The Enid News and Eagle, Enid, OK

Local and State News

March 1, 2013

Drug disposal program marks 2-year milestone

ENID, Okla. — Oklahoma Bureau of Narcotics and Dangerous Drugs reached a milestone Friday in its fight against prescription drug abuse across the state.

Friday marked the two-year anniversary of the nation’s first statewide and year-round drug disposal program.

In March 2011, OBN began installing permanent take-back boxes in law enforcement lobbies for the public to safely dispose of unused or unneeded home medications.

Two of the boxes have been installed in Enid, and a total of 126 boxes have been installed statewide. Nearly 30,000 pounds of drugs have been collected for destruction.

One of the boxes is located in Enid Police Department lobby, the other at Garfield County Sheriff’s Office in the courthouse.

OBN Spokesman Mark Woodward said properly disposing of expired medication is critical.

“Prescription drug abuse is an epidemic in Oklahoma. It’s unnecessary and unsafe to leave outdated drugs in the house,” Woodward said. “Old, expired medications left in the home can be targeted by users. Teenagers also target their parents’ current or expired prescription drugs to abuse, trade or sell in order to obtain alcohol, marijuana or other drugs.”

OBN has partnered with police departments and sheriff’s departments in all 77 counties to establish permanent locations for the boxes. Woodward said the boxes allow the public to dispose of old medication year-round, rather than wait for an official drug take-back day in their community.

“Take-back days have been very successful, but we don’t want people stock-piling expired medication in their home for weeks or months until a take-back program is held in their community,” Woodward said.

OBN Director Darrell Weaver said the drug drop boxes are vital for preventing deaths resulting from unwanted drugs being taken from the home and abused by an addict, sold on the streets or traded by school students.

“I am very proud of the prescription take-back program, which is the national model for addressing this issue across the country,” Weaver said. “There is no way of knowing how many lives have been saved by getting these drugs out of home medicine cabinets around our state. But I know this, if we save one life, it will be worth it.”

Garfield County Sheriff Jerry Niles said the drop box in the lobby of his office sees quite a bit of use.

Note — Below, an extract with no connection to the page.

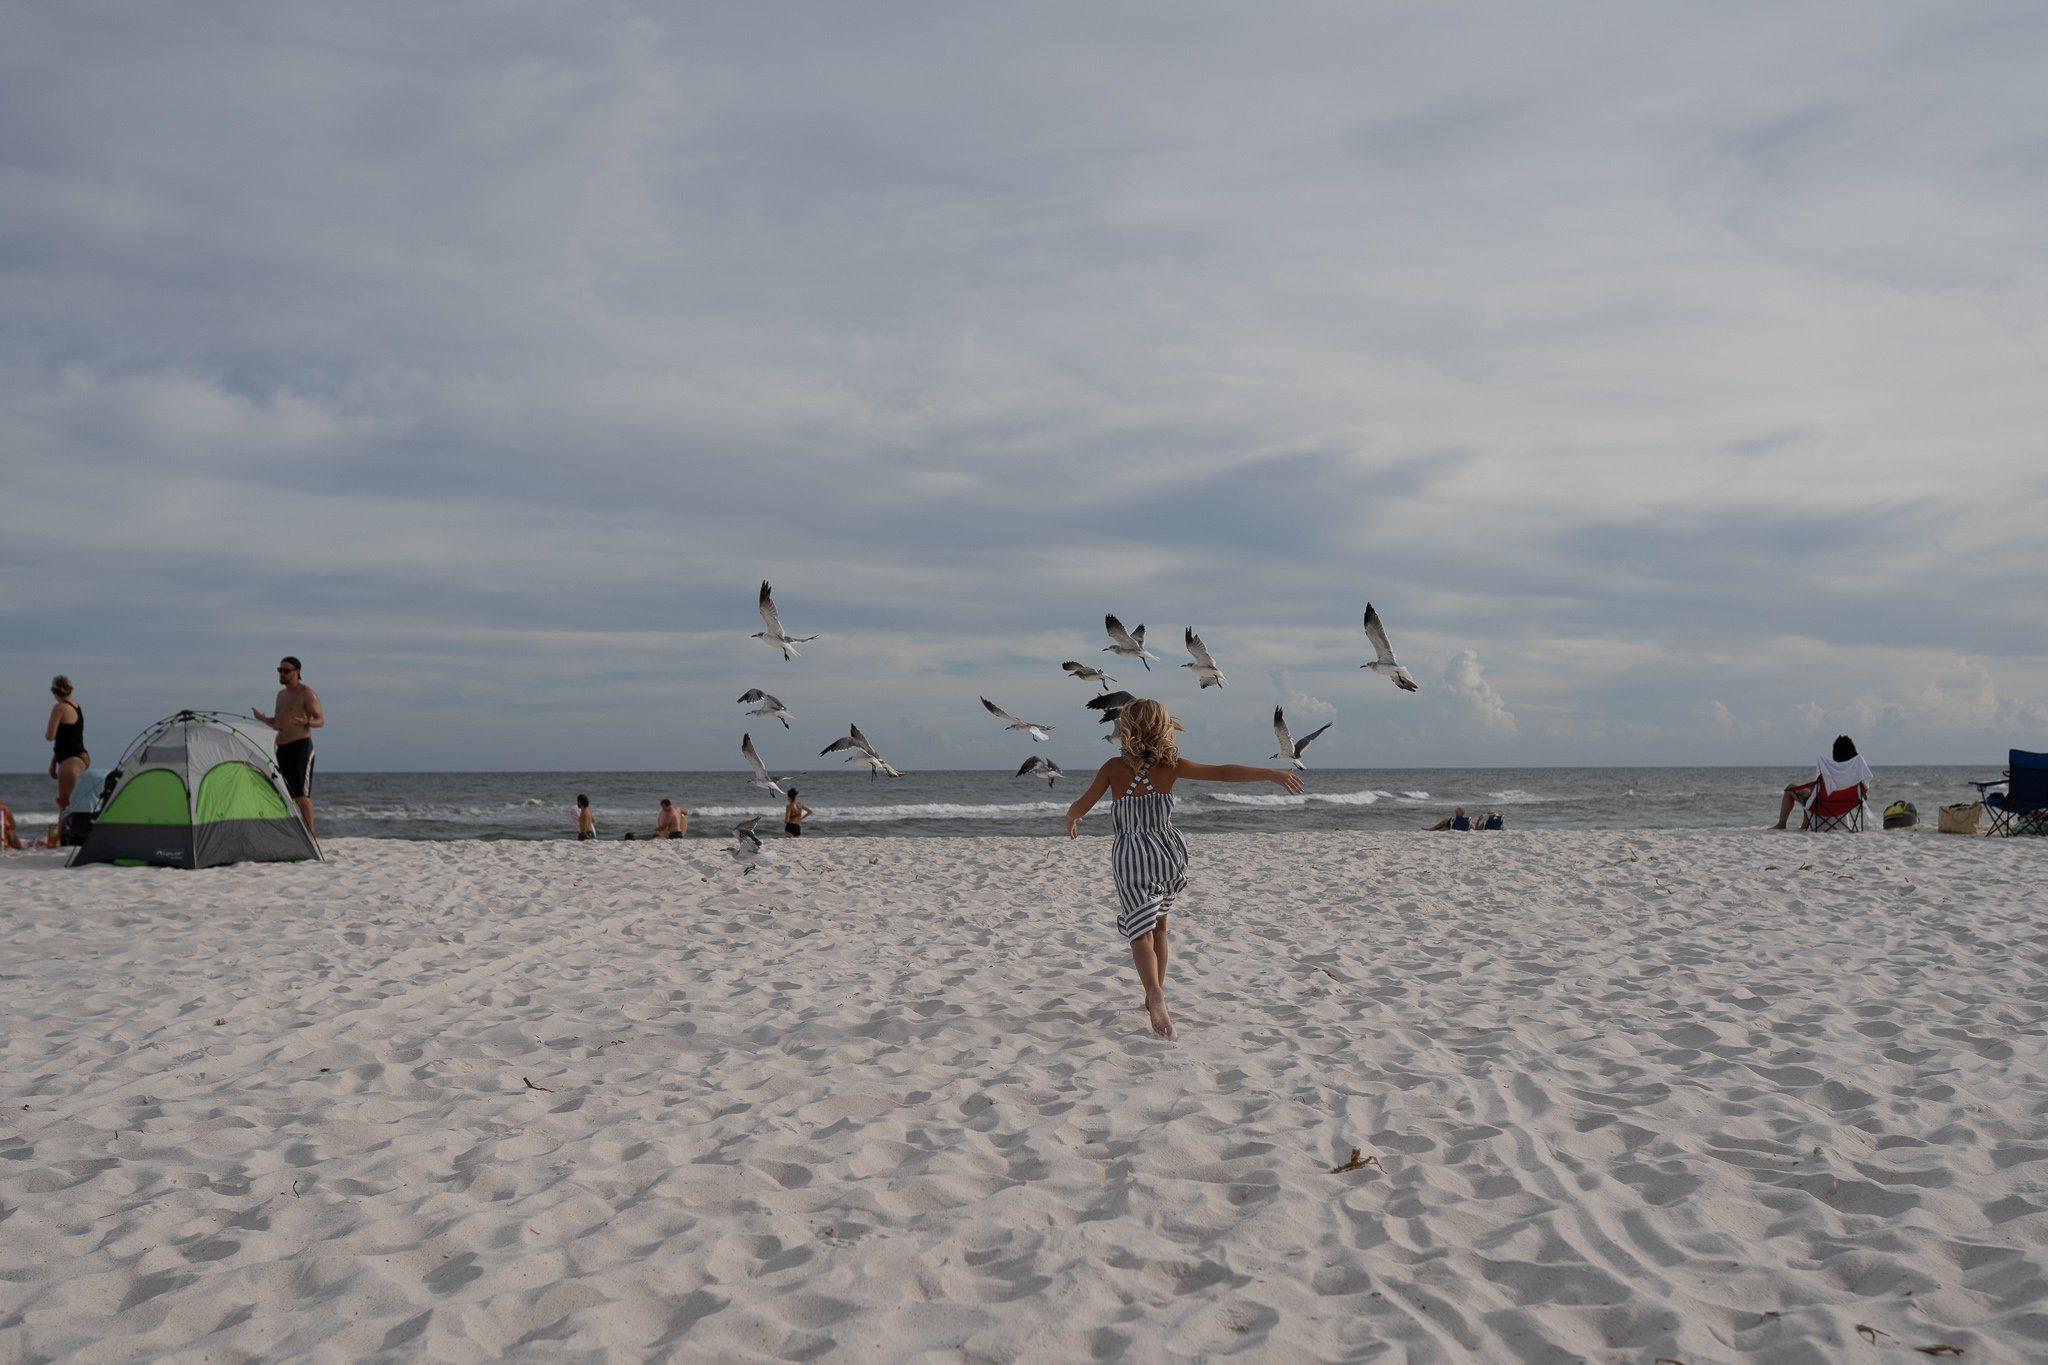 beach portraits edited
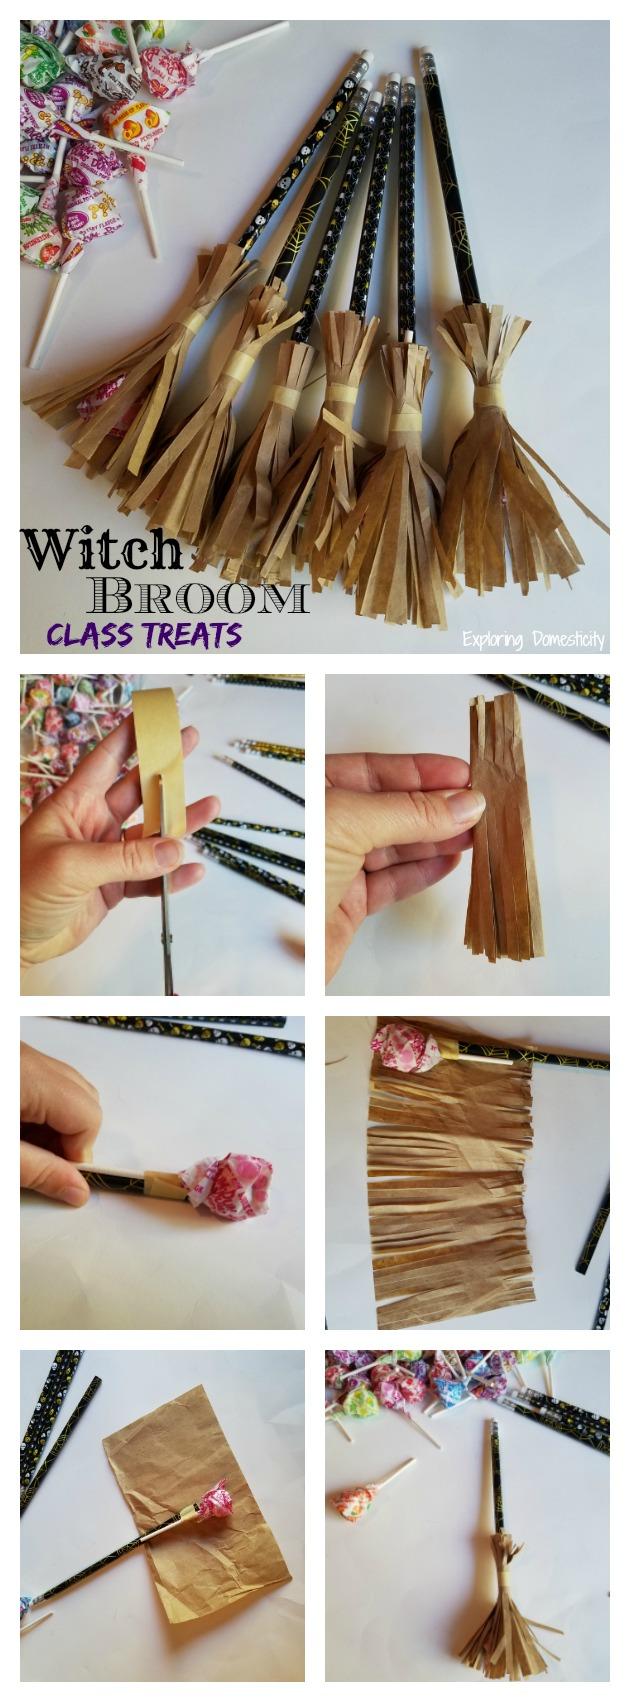 Witch Broom Halloween Class Treats ⋆ Exploring Domesticity

“It is packed every month,” Niles said.

He encouraged those with extra or unneeded medications to dispose of them sooner rather than later. He also said to dispose of them properly and to not flush them down the toilet, for environmental reasons.

Enid Police Department’s Capt. Jack Morris said the drop box at the department sees some of the highest use statewide.

“Ours certainly does get utilized,” he said. “It gets used quite frequently.”

OBN has a partnership agreement with Tulsa’s Covanta Energy to safely destroy the drugs collected from the disposal boxes at no cost to OBN, or the state of Oklahoma. The waste material is converted into clean energy. This partnership earned the Henry Bellmon Award for Excellence in 2012.